I am creating this data classification tool. Basically, I will regularly receive data rows in a flat file that look like this:
a:b:c:d:e a:b:c:d:e a:b:c:d:e a:b:c:d:e
And I have a list of categories to break these lines, for example:
Original Cat1 Cat2 Cat3 Cat4 Cat5 --------------------------------------- a:b:c:d:eabcde
On the right side of this second, category names are known, as well as the number of categories for breaking down the data. But this may change over time (for example, categories added / removed ... the total number of categories changed).
Well, thatโs why Iโm not looking for help on how to parse strings or get data in db or something else ... I know how to do all this, and the kernel script is basically written to handle string parsing and split into variables number of categories.
I am mainly looking for advice on how to structure my database for storing this material. So I thought about it, and here is what I came up with:
Table: Generated generated_id int - unique id for each row generated generated_timestamp datetime - timestamp of when row was generated last_updated datetime - timestamp of when row last updated generated_method varchar(6) - method in which row was generated (manual or auto) original_string varchar (255) - the original string Table: Categories category_id int - unique id for category category_name varchar(20) - name of category Table: Category_Values category_map_id int - unique id for each value (not sure if I actually need this) category_id int - id value to link to table Categories generated_id int - id value to link to table Generated category_value varchar (255) - value for the category
Basically, the idea is when I parse the row, I will insert a new record in the Generated table, as well as X records in the Category_Values table, where X, however, there are many categories that currently exist. And category names are stored in another Categories table.

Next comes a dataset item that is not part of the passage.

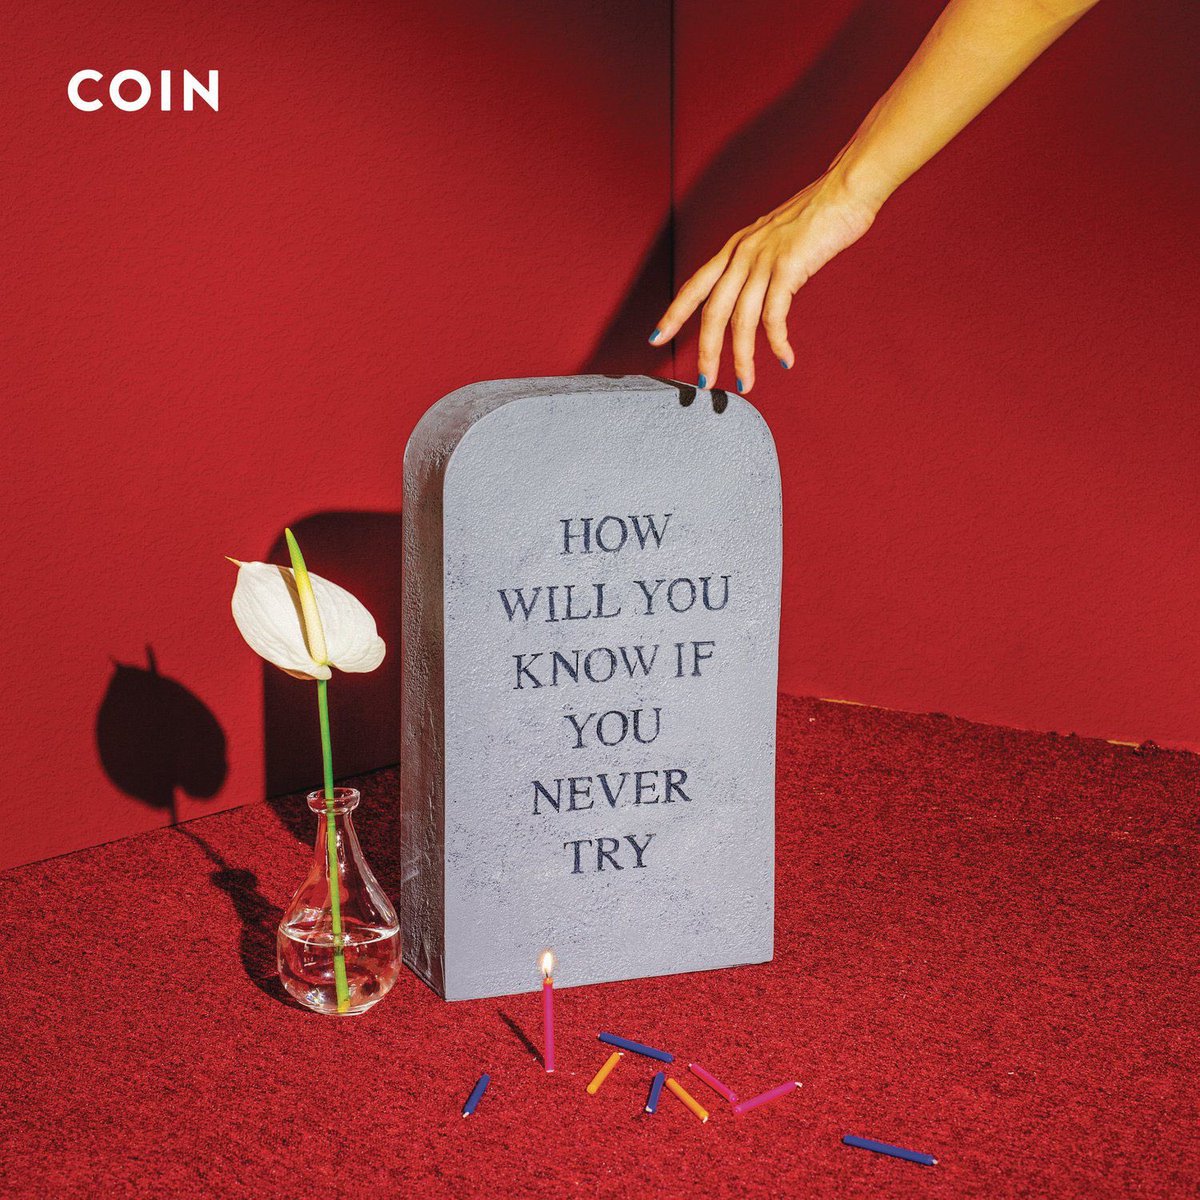 𝚝𝚊𝚕𝚔 𝚝𝚘𝚘 𝚖𝚞𝚌𝚑coinhow will you know if you never try (2017)

What my script will immediately execute are the lines of the process with raw values โโand output the generated category values โโto a new file that will be sent somewhere. But then I have this db, which I do to store the generated data, so that I can make another script where I can search and write off previously created values, or update previously created records with new values โโor something else.

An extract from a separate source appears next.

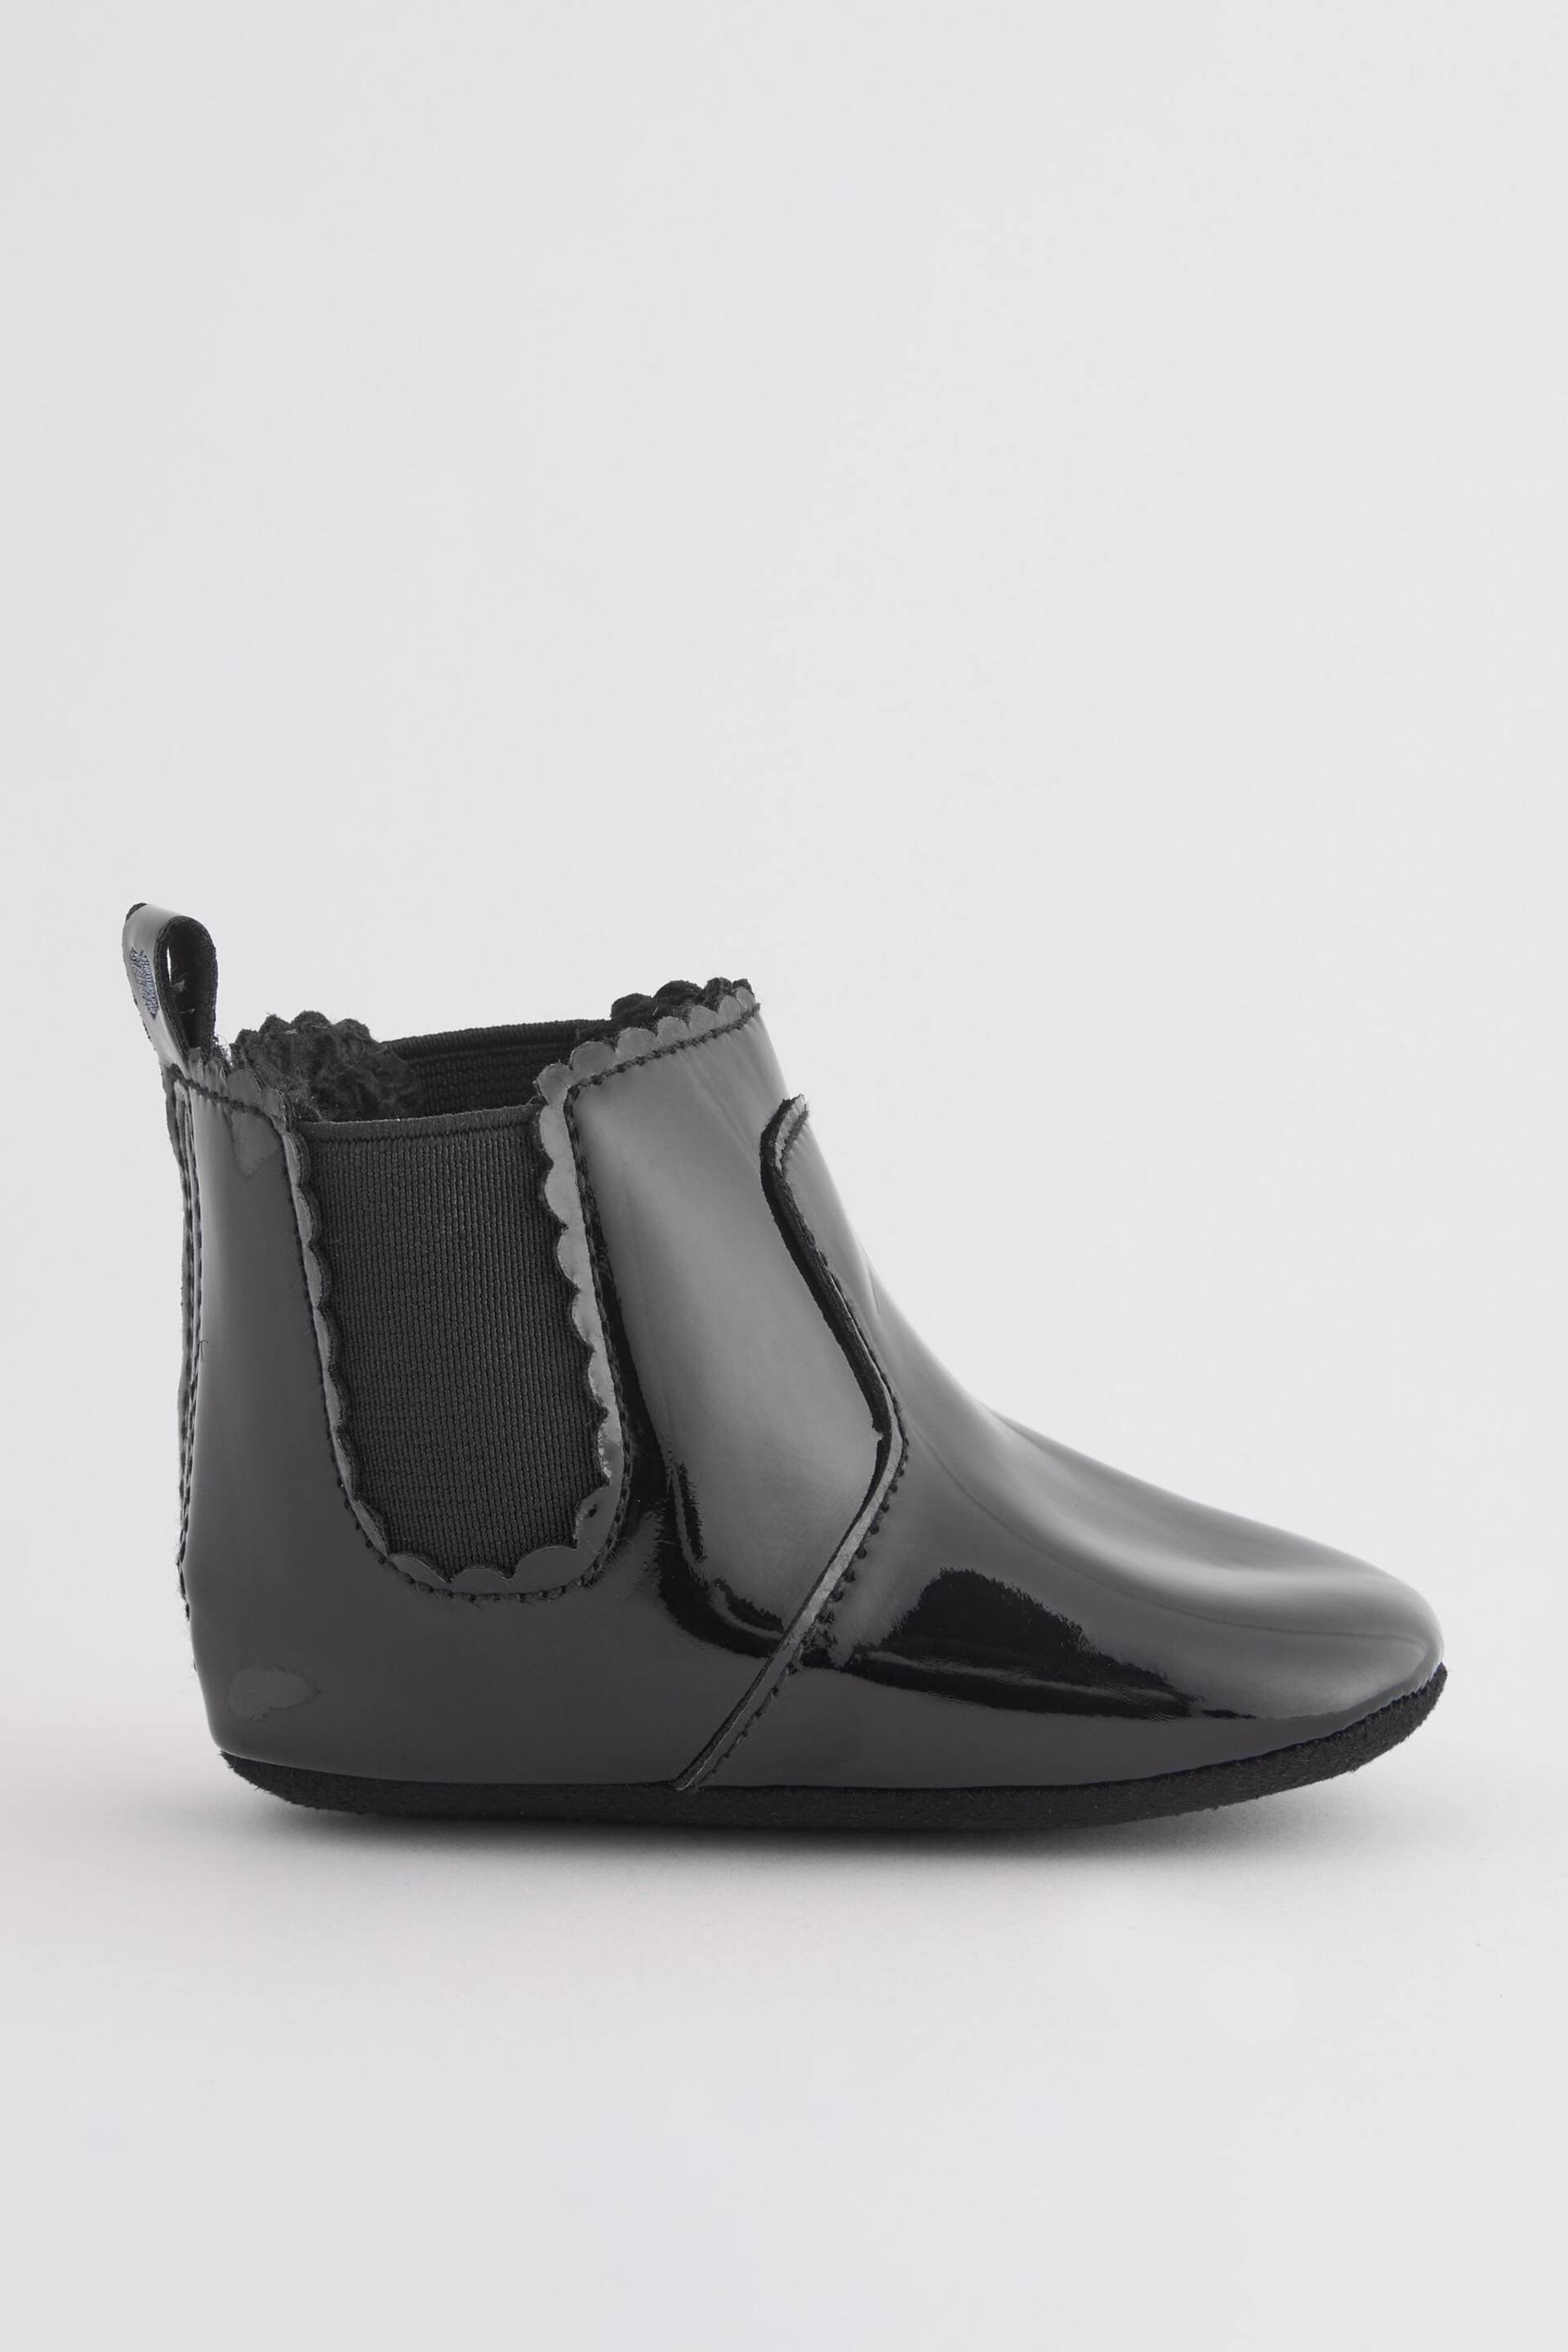 Black Patent Chelsea Baby Boots (0-24mths) - Image 2 of 7

Does this sound like a good database structure? Anything obvious that I'm missing, or maybe I'm feeling for myself? For example, with this structure ... well ... I'm not an sql expert, but I think I should have done as
select * from Generated where original_string = '$string' // id is put into $id
and then
select * from Category_Values where generated_id = '$id'
... and then I will have data to work with search results or a form for changing data ... well, I'm quite sure that I can even combine this into one query with a connection or something, I donโt know how it is actually done, but I donโt know how to do it. But I know that I can do what I need from this db structure. But am I making it harder than necessary? Make an obvious noob mistake?